FHA Mortgage Insurance to remain on loans FOREVER

HUD has announced in their Annual Report to Congress Regarding Financial Status of the FHA Mutual Mortgage Insurance Fund Fiscal Year 2012, their plan to revise the cancellation of FHA mortgage insurance premiums. This is set to go in effect on new FHA insured mortgages sometime in 2013. 

From HUD’s report:

Under a policy change made in 2001, FHA has been cancelling required mortgage insurance premiums (MIPs) on loans for which the outstanding principal balance reaches less than 78% of the original principal balance.
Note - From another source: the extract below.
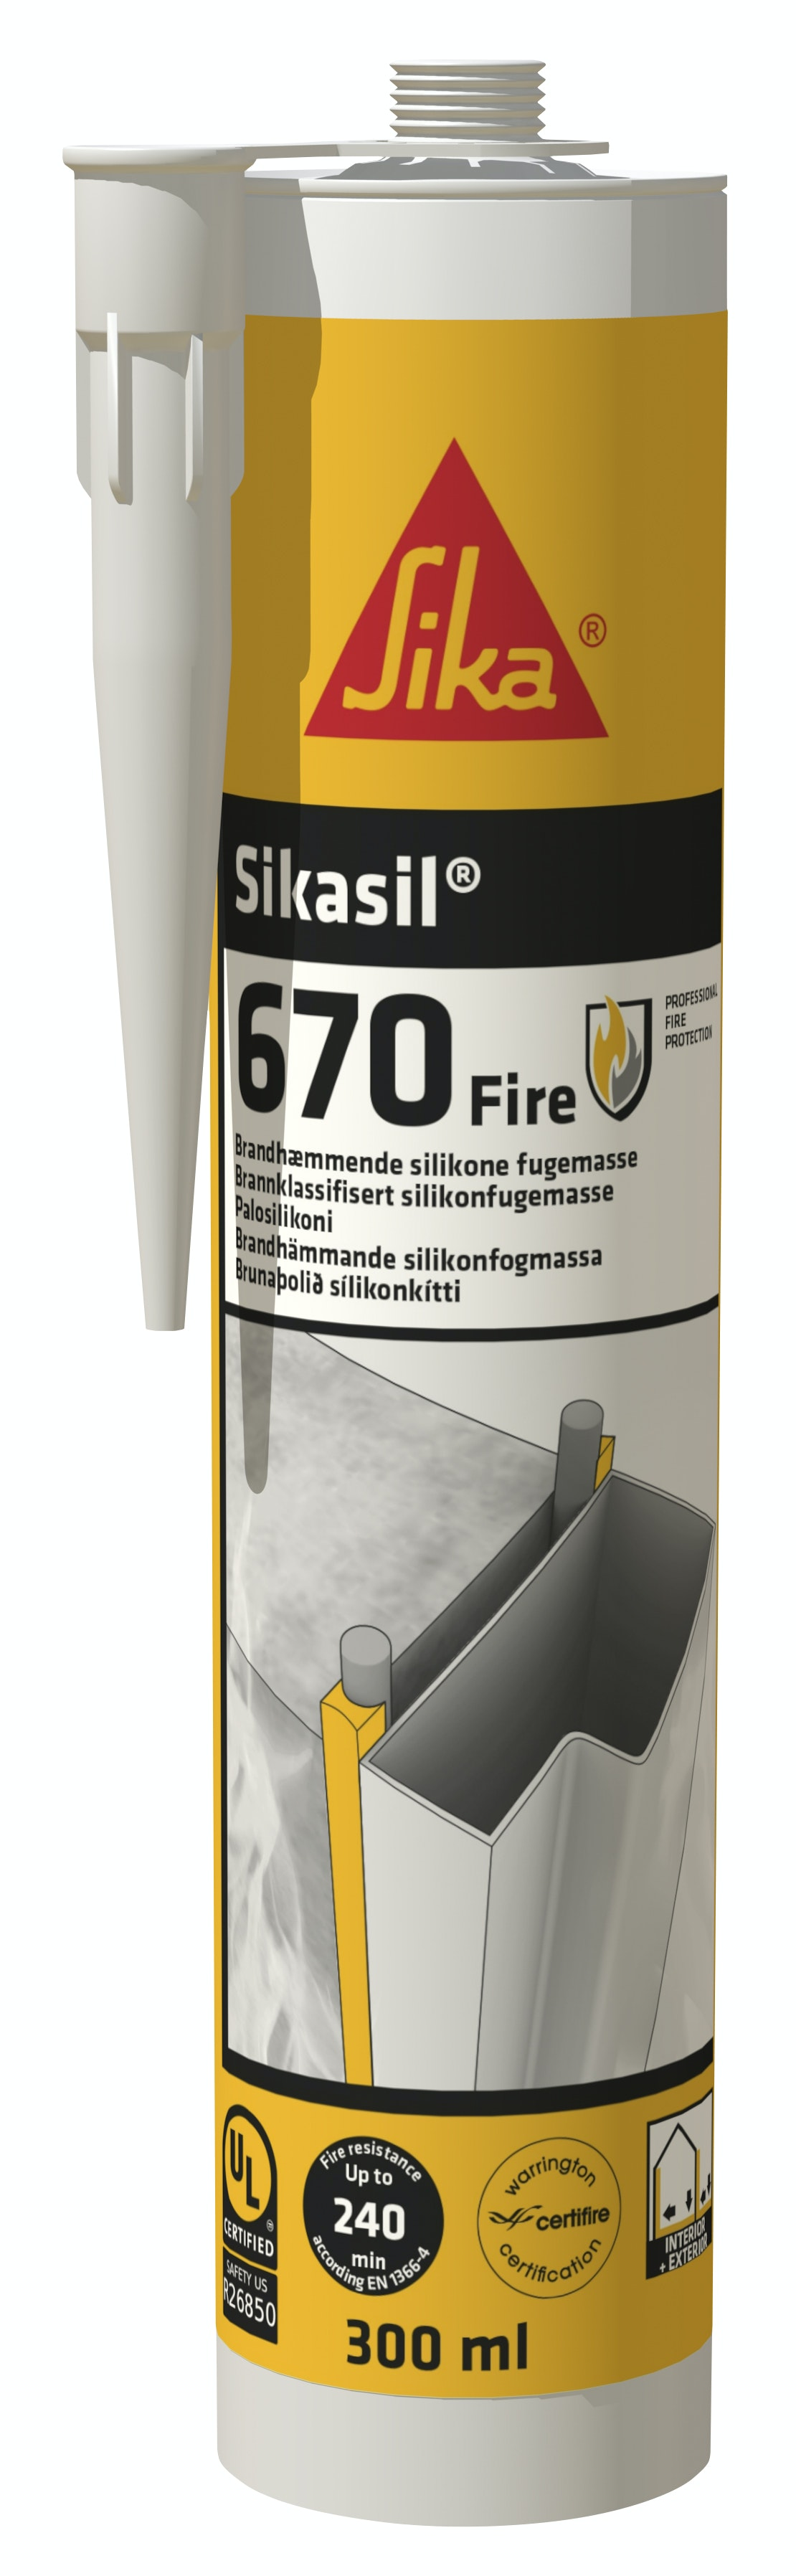 Brandfog Sika SikaSil®-670 Fire Vit 300ml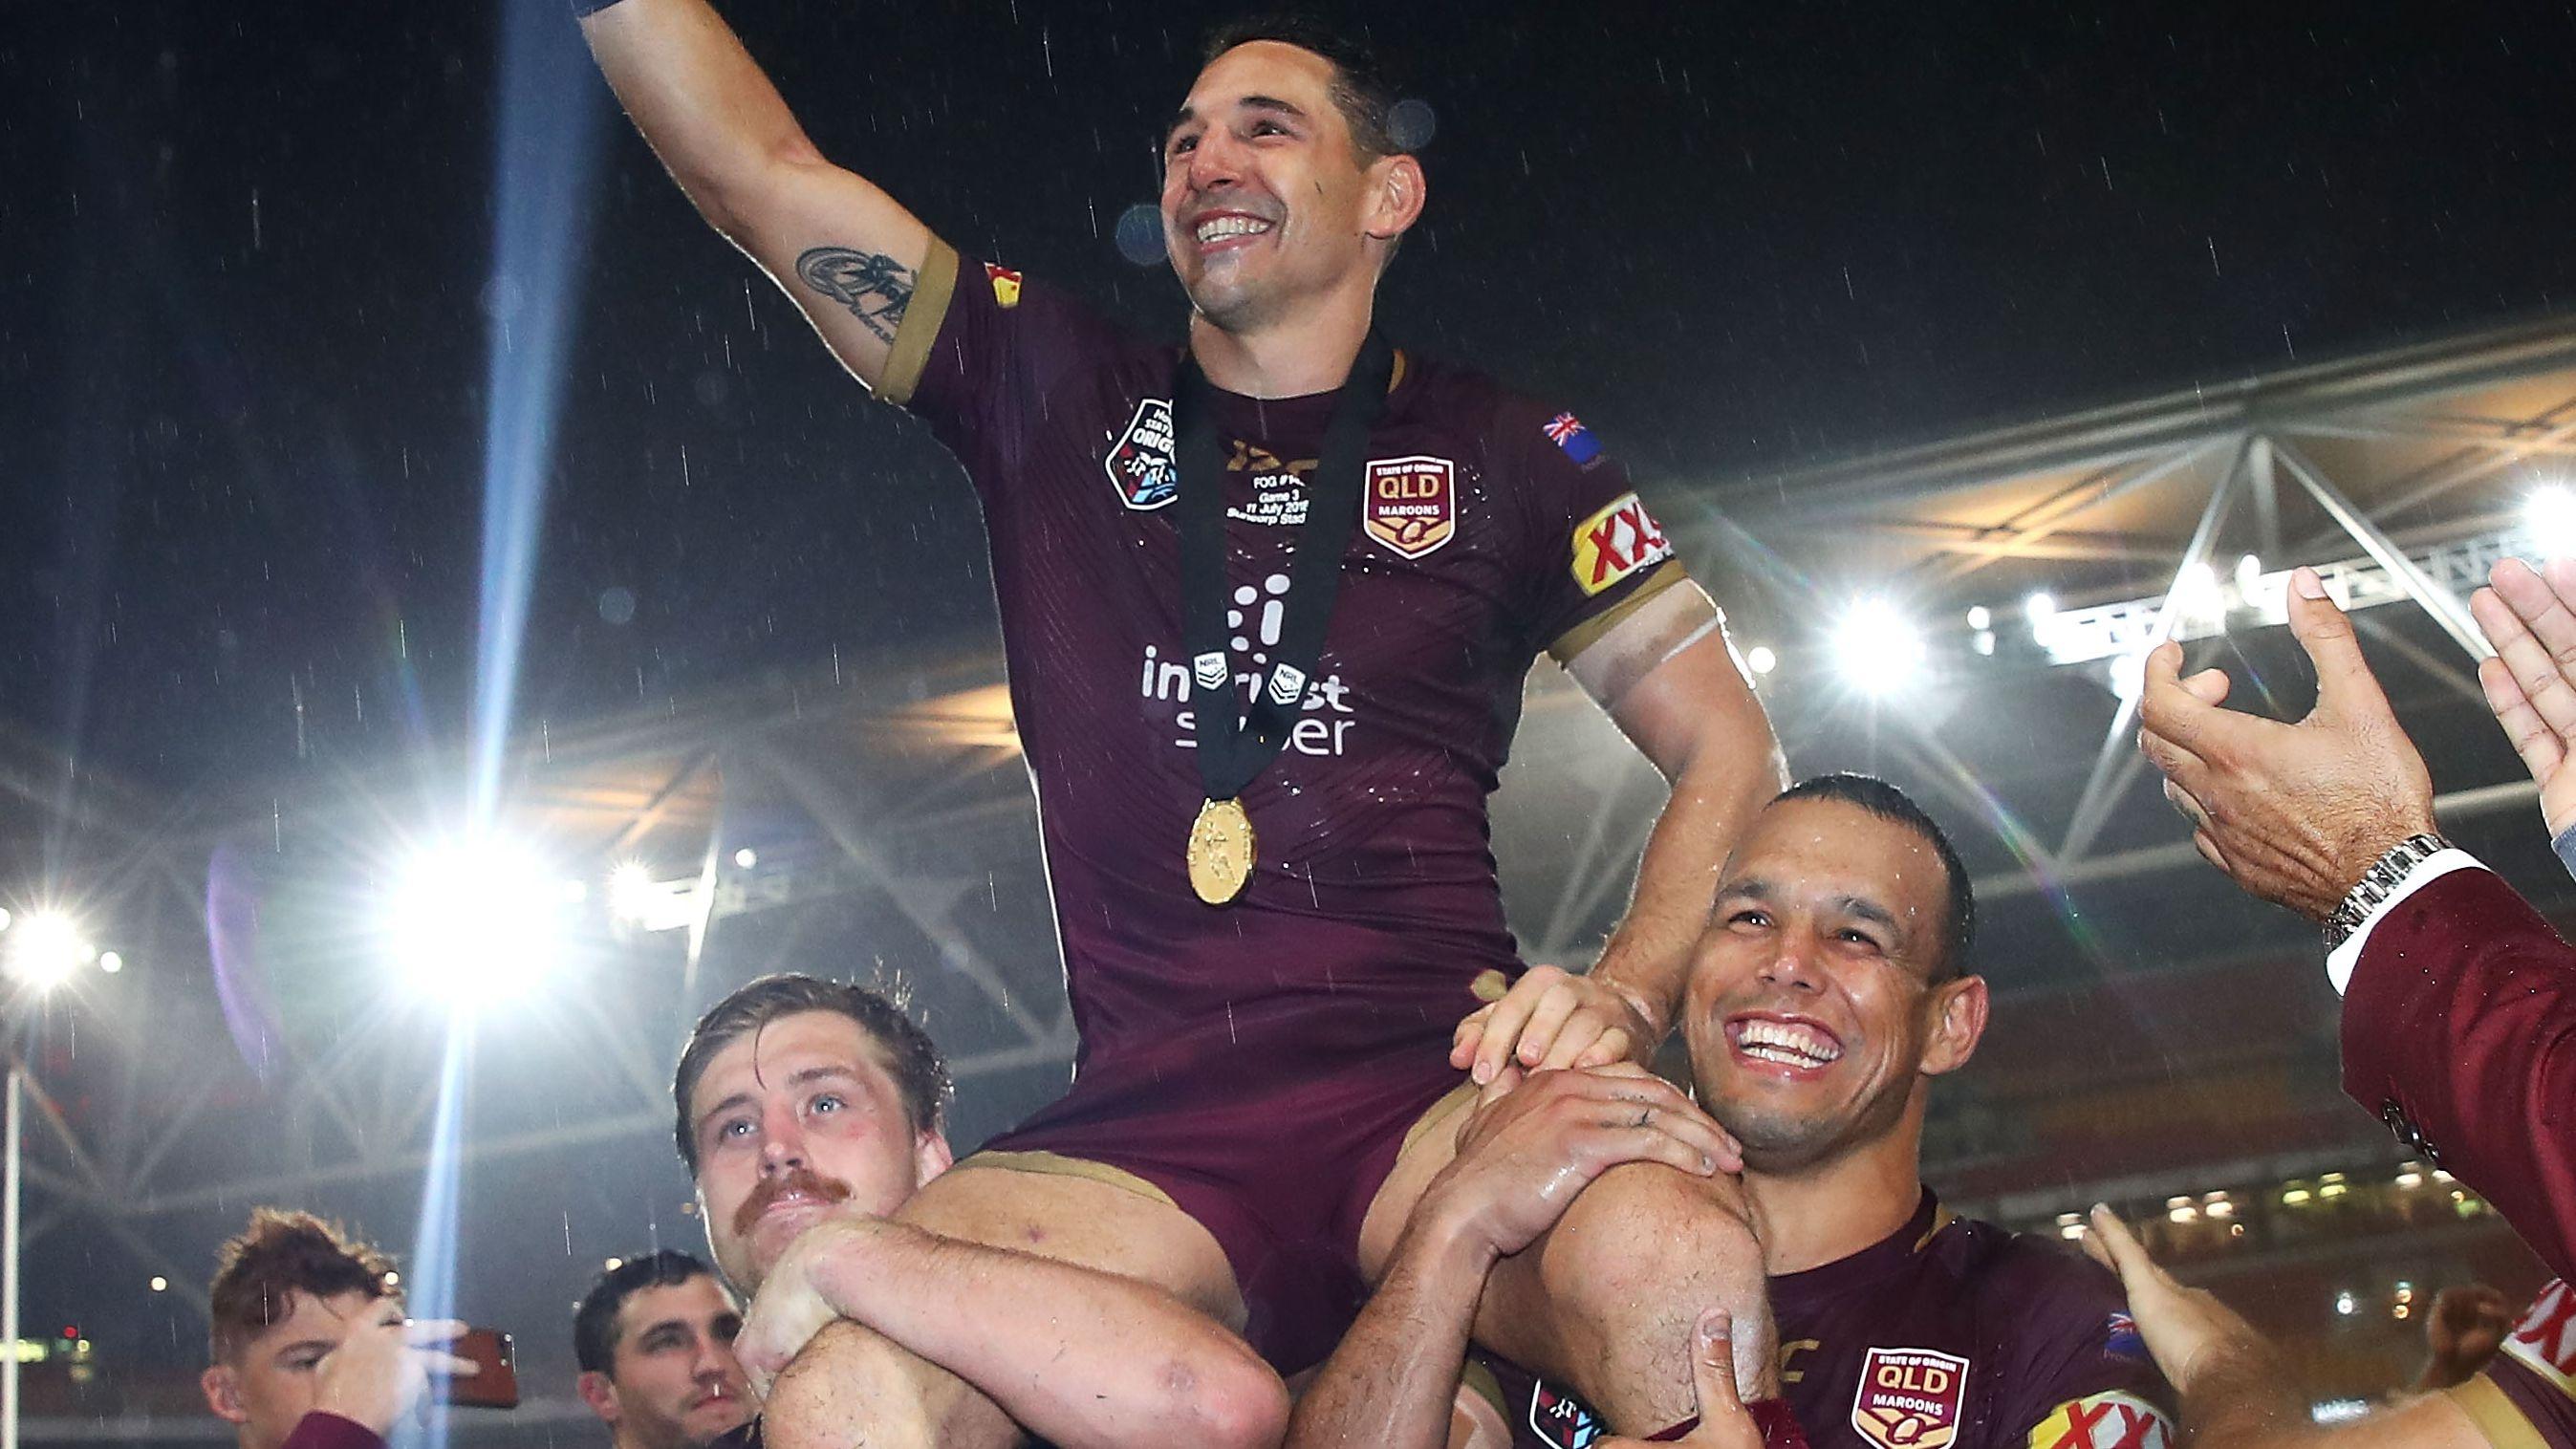 Billy Slater will coach Queensland.

However, FHA remains responsible for insuring 100% of the unpaid principal balance of a loan for the entire life of the loan, such loan life often extending far beyond the cessation of the MIP payments. As written, the timing of MIP cancellation is directly tied to the contract mortgage rate, not the actual loan LTV. The current policy was put in place at a time when it was assumed that home price values would not decline, but today we know that LTV measured by appraised value in a declining market can mean that the actual LTVs are far lower than amortized mortgage LTV, resulting in higher losses for FHA on defaulted loans. Analyses conducted by FHA’s Office of Risk Management projects lost revenue by approximately $10 billion in the 2010-2012 vintages as a result of the current cancellation policy. The same analyses also suggest that 10%-12% of all claims losses will occur after MIP cancellation. Therefore, beginning with new loans endorsed after the policy change becomes effective later in FY 2013, FHA will once again collect premiums on FHA loans for the entire period during which they are insured, permitting FHA to retain significant revenue that is currently being forfeited prematurely.

With FHA running out of funds, they are having to take measures to protect this mortgage program. You can also expect to see mortgage insurance premiums (upfront and annual) to increase in addition to FHA mortgage premiums remaining on the life of the loan. 

What does this impact you?

If you currently have an FHA mortgage, your mortgage insurance premium that you pay monthly is still set to drop off (cancel) once your principal balance reaches 78% of the loan to value and a minimum of 60 mortgage payments have been made. 

However, if you currently have an FHA mortgage in the mid-to-high 4% range and you have been considering an FHA streamlined refinance, you need to act quickly

If you are considering buying a home and you are planning on using FHA for financing, be prepared to have the FHA mortgage insurance remain on the loan until you either sell the home or can refinance to  a conventional mortgage.

If you are interested in buying or refinancing a home anywhere in Washington state, I’m happy to help you!


  1. wow, if true, just like USDA loans now.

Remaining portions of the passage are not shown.